Why We Built CommentBy: The Disqus Privacy Problem

I still remember the exact moment I decided to build CommentBy.

It was 2 AM on a Tuesday. I'd just finished binge-reading this incredible manga—one of those stories that hits you right in the feels and leaves you buzzing with thoughts you need to share with someone, anyone who gets it.

I scrolled down to the comment section, fingers ready to type out my theory about what would happen next, excited to see what other fans were saying.

Then I saw it. Right there, in small text under the comment box:

"By commenting you give Disqus permission to..."

I paused. Wait, permission to what?

The Wake-Up Call

I read the fine print. Then I read it again, because I couldn't believe what I was seeing.

By leaving a comment about a manga chapter—just sharing my genuine excitement about a story I loved—I was giving Disqus permission to:

  • Track my behavior across every website that used their widget
  • Collect my IP address, location, and device information
  • Share my data with "advertising partners" (read: sell it)
  • Follow me around the internet with targeted ads
  • Essentially turn me into a product

All of this. Just because I wanted to talk about a manga chapter.

I closed the tab without commenting.

That feeling—that mix of frustration and betrayal—stuck with me. Here I was, genuinely excited about something, wanting to engage with a community of people who felt the same way, and the price of admission was giving up my privacy.

It felt wrong. Really wrong.

The Real Cost of "Free" Comments

I couldn't sleep after that. I started thinking about all the times I'd commented on blogs, articles, forums. Every cooking recipe I'd left feedback on. Every tech tutorial where I'd asked a question. Every travel blog where I'd shared my own experiences.

All of that data—my genuine human interactions—was being harvested, packaged, and sold.

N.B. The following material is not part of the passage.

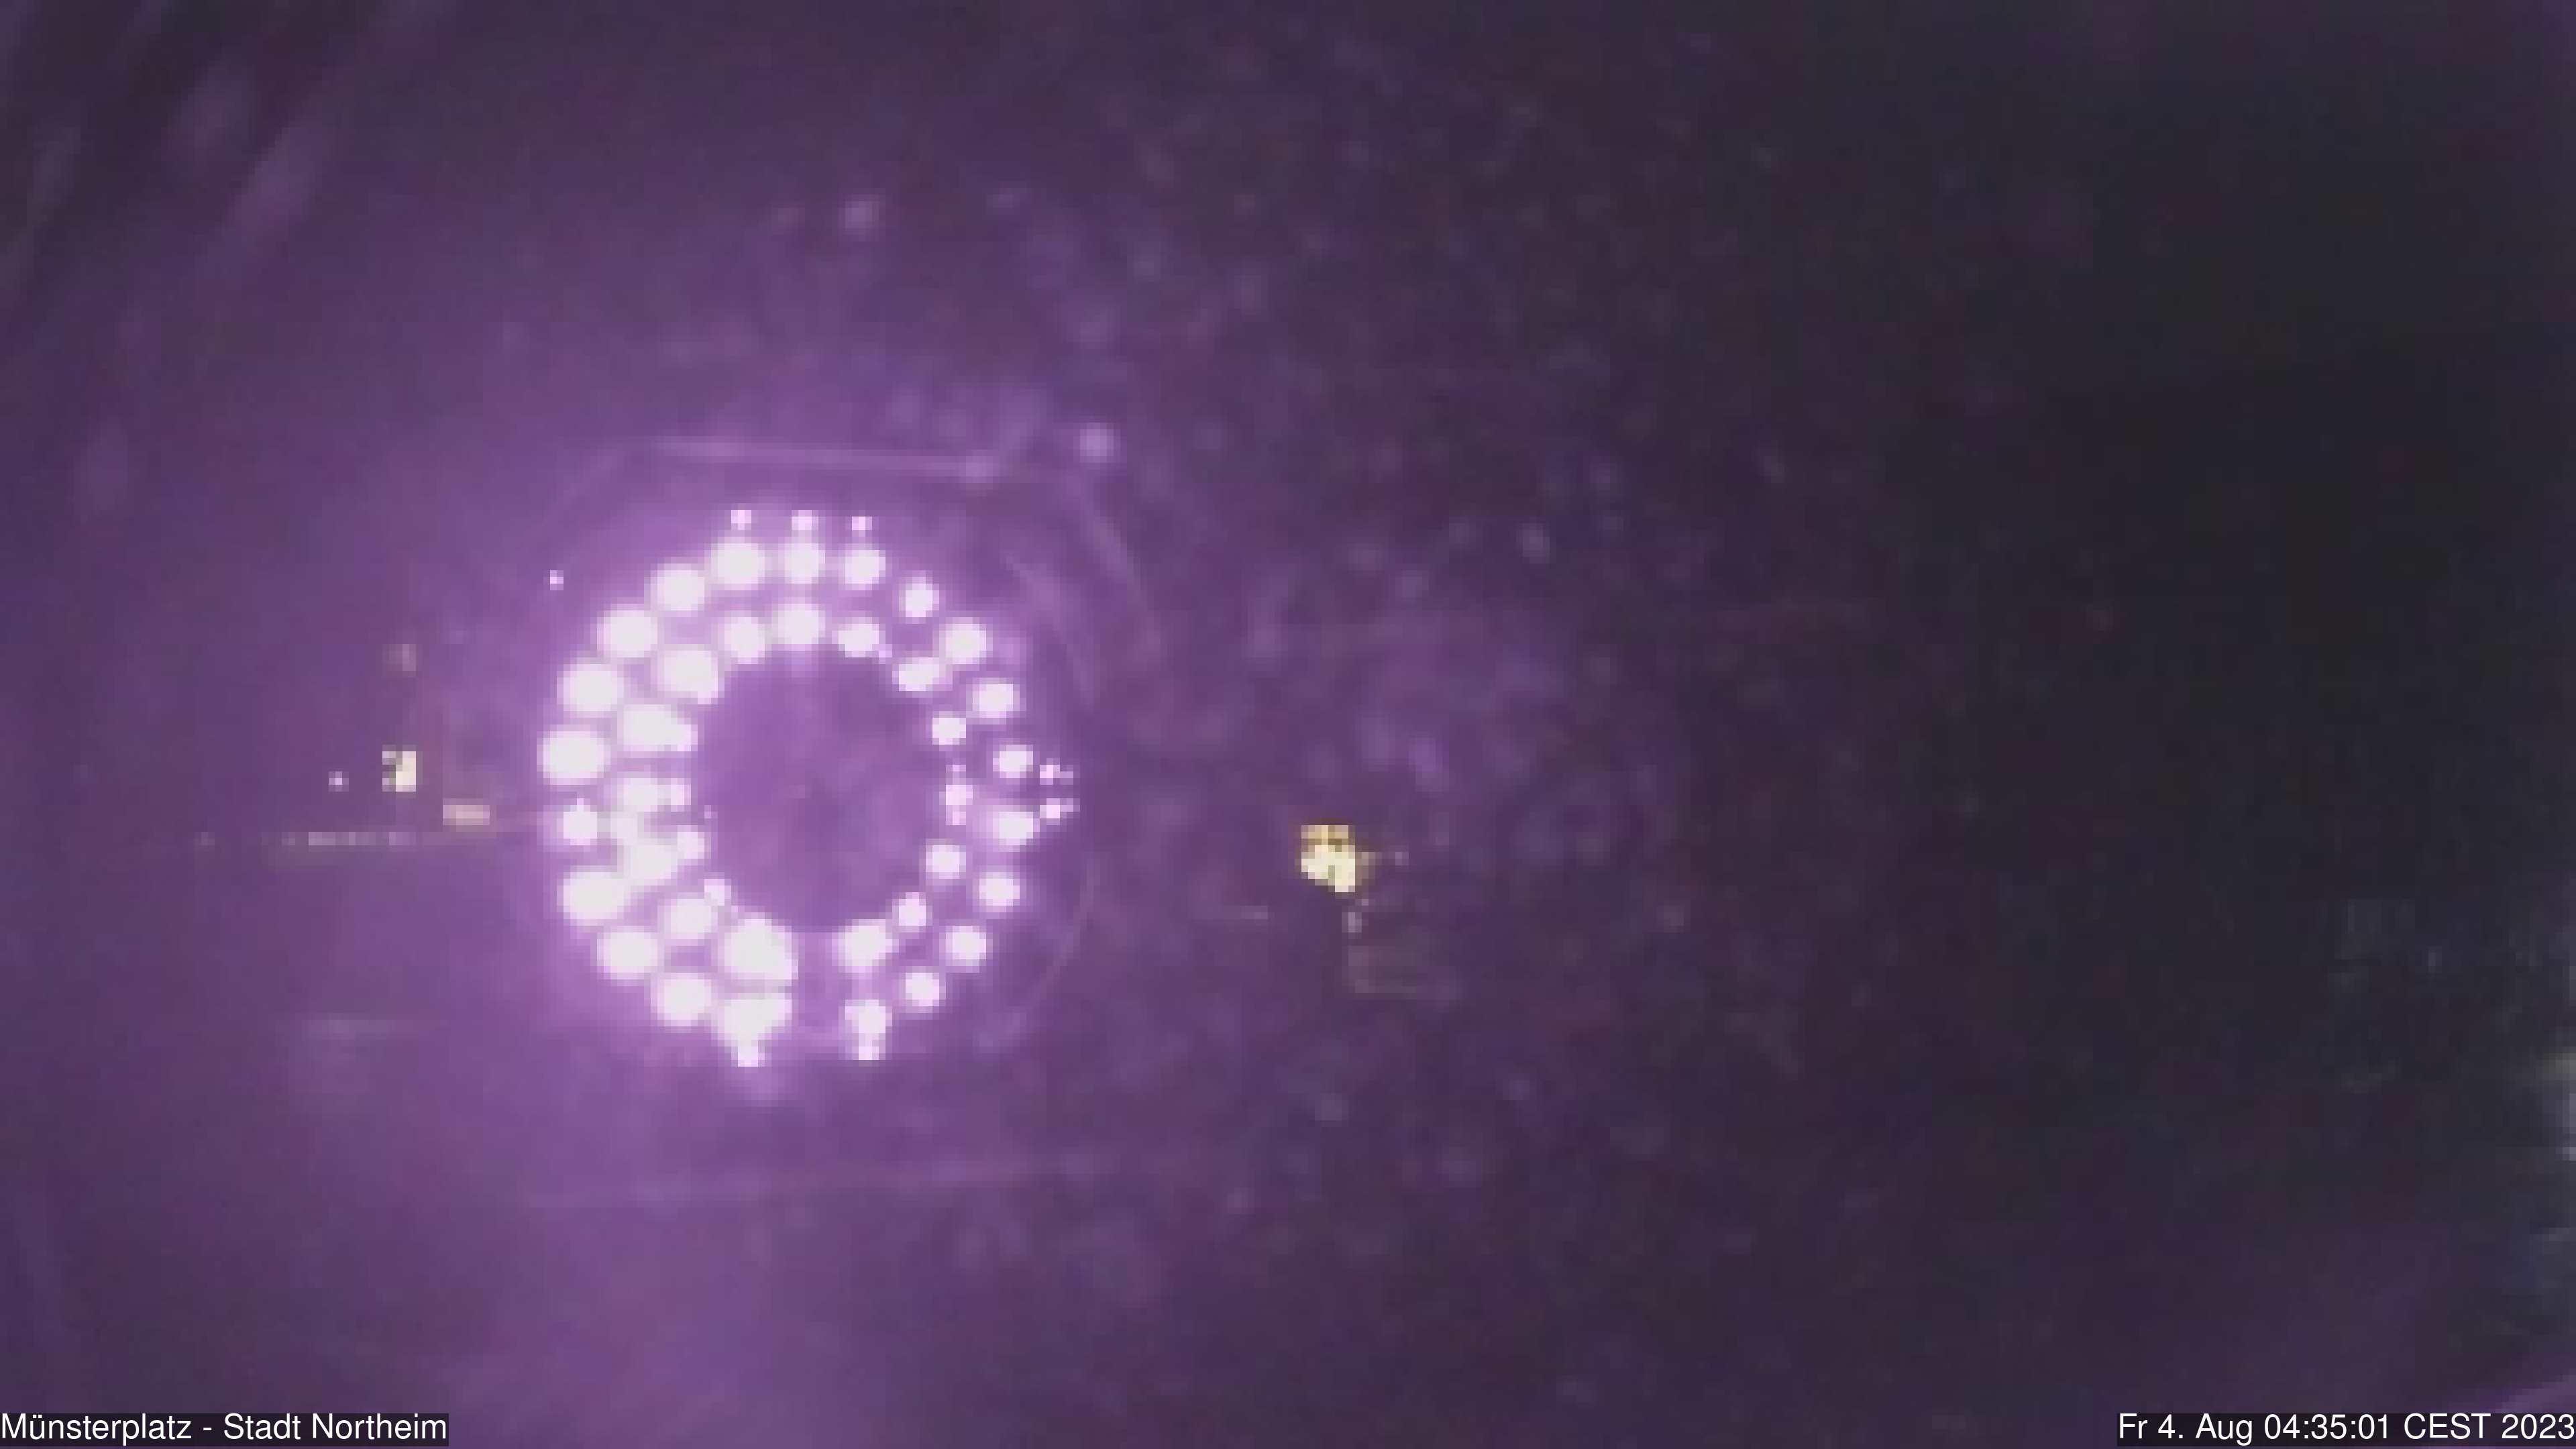 Die Webcam zeigt das Bild von dem Münsterplatz.

And I'm a developer. I knew this stuff happened in theory. But knowing abstractly that "companies track you" is different from realizing that your excited comment about a fictional character you love is being used to build an advertising profile about you.

The worst part? The manga site owner probably had no idea. They just wanted to give their readers a place to discuss the story. They added Disqus because it was easy, because everyone uses it, because it was "free."

Except it's not free. Your readers pay with their privacy. And most site owners don't realize they're making that deal on behalf of their audience.

But Everyone Uses Disqus, Right?

That's what I thought too. So I started asking around in developer communities, posted in some forums, talked to friends who ran blogs and content sites.

Turns out, I wasn't alone. Not even close.

One friend told me he'd removed Disqus from his blog and saw his page load time drop from 4.2 seconds to 1.1 seconds. Another showed me how Disqus was eating up 60% of his mobile data usage on a single article.

But the responses that really got me were the ones about privacy.

"I removed Disqus because I couldn't look my readers in the eye knowing what I was doing to their privacy."

"I'm based in Europe. The GDPR compliance headache with Disqus isn't worth it."

"My site is about digital privacy. Using Disqus made me a hypocrite."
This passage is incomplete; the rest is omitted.